=== Section Start ===

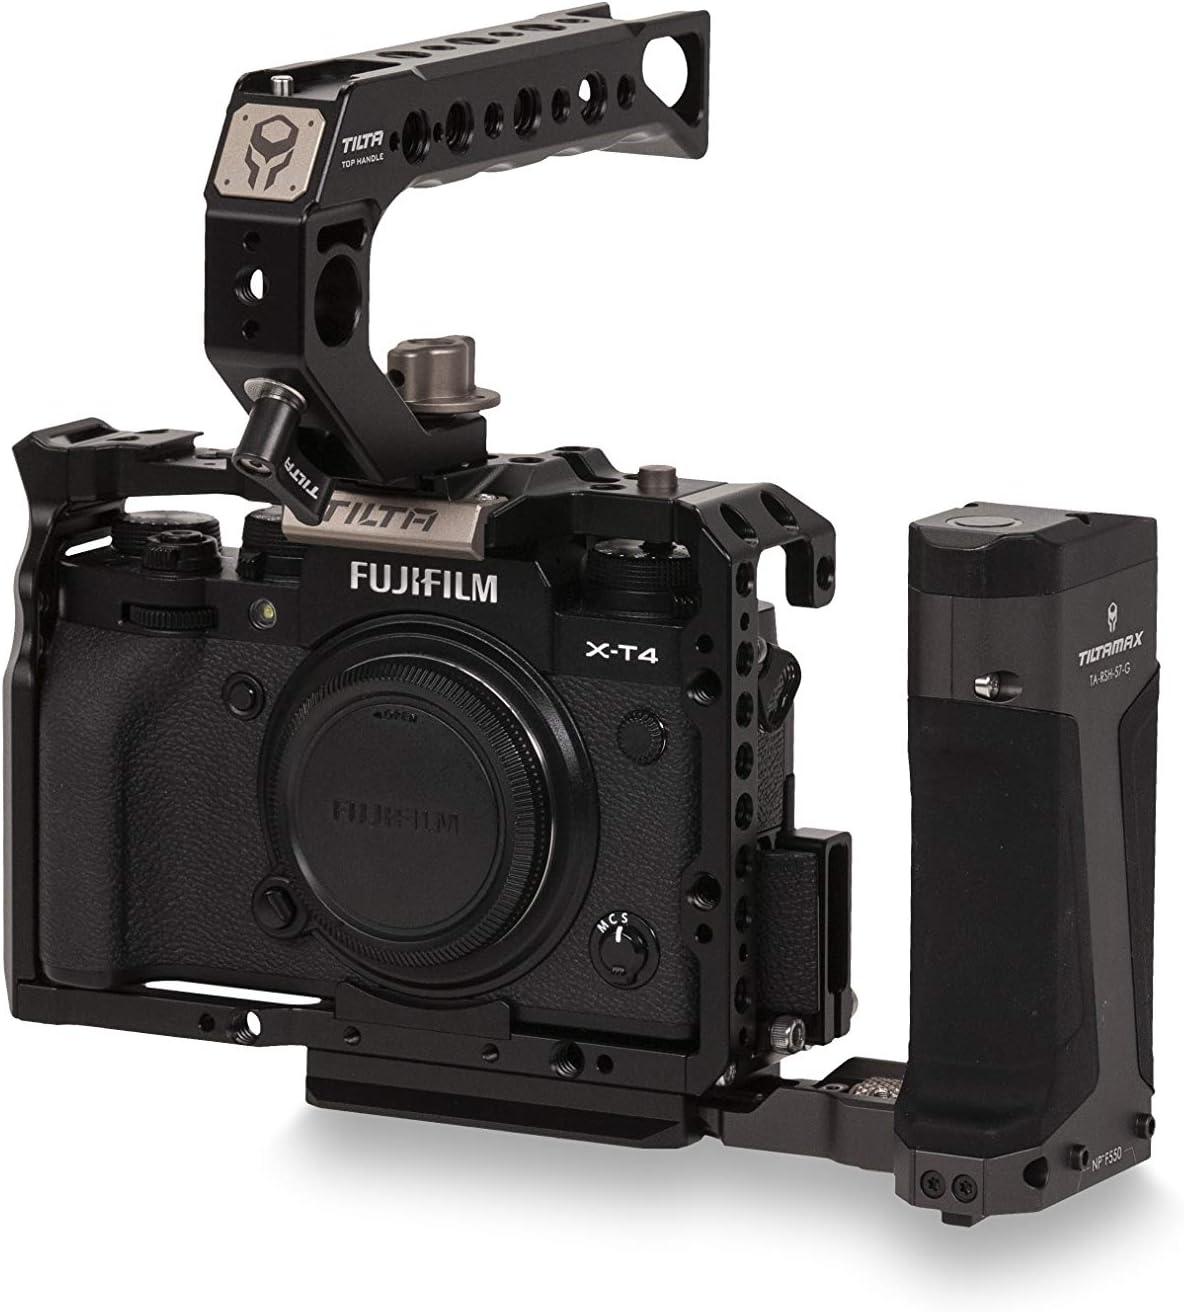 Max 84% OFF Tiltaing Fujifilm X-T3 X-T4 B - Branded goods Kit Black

=== Section End ===
=== Section Start ===

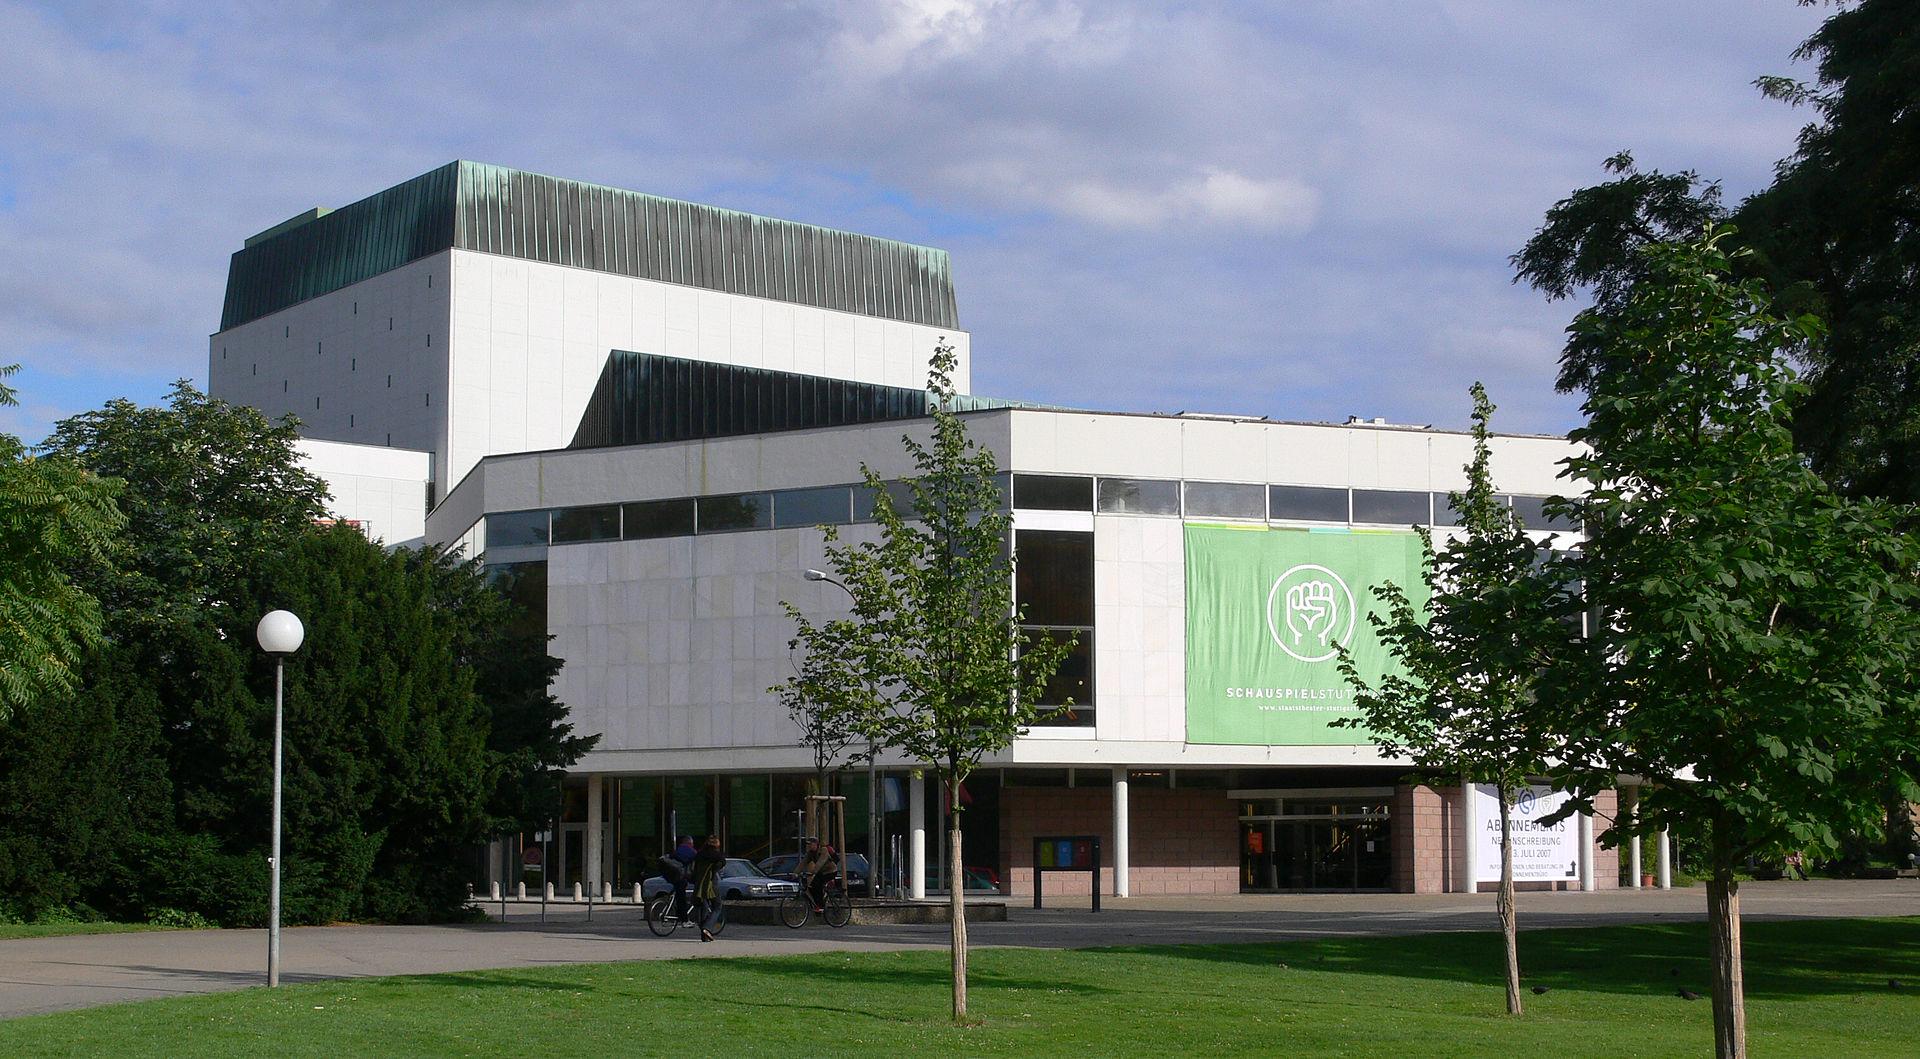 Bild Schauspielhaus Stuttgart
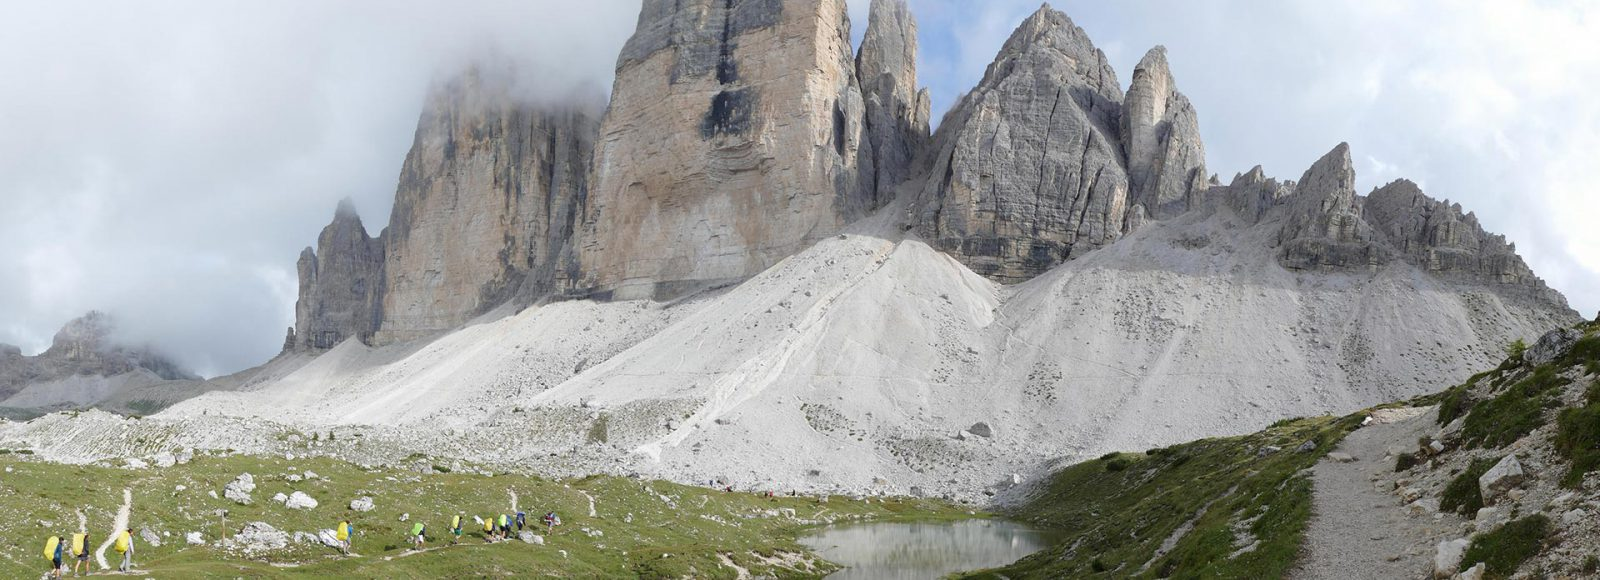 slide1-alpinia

=== Section End ===
=== Section Start ===

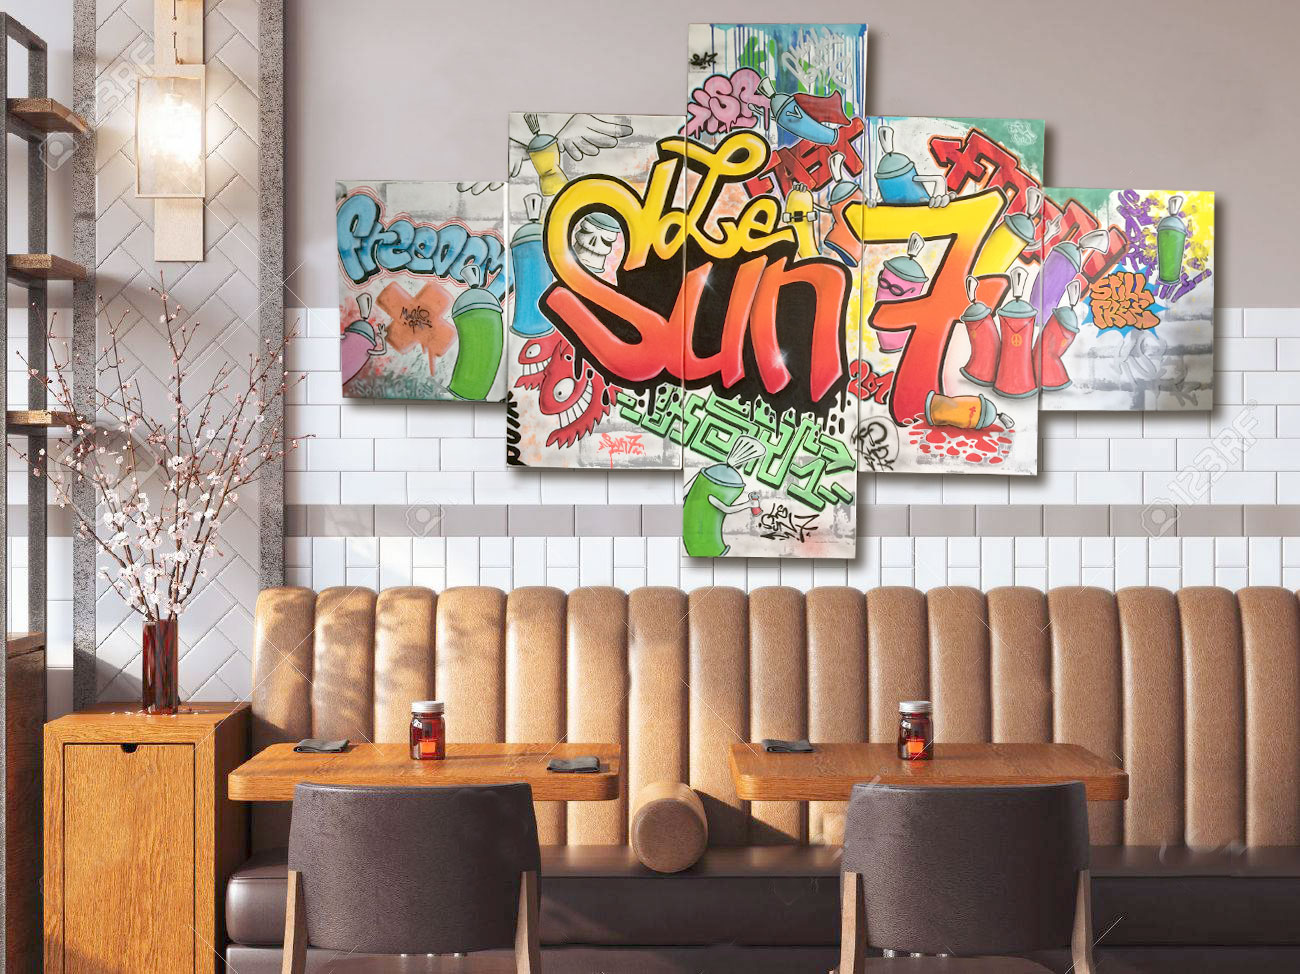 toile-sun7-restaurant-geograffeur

=== Section End ===

▶ [Problem description]: Starting with the line above that holds "Bild Schauspielhaus Stuttgart", restate each line word for word up to and including the line that holds "slide1-alpinia". Drop the pictures.

▶ [Result]:
 Bild Schauspielhaus Stuttgart
 slide1-alpinia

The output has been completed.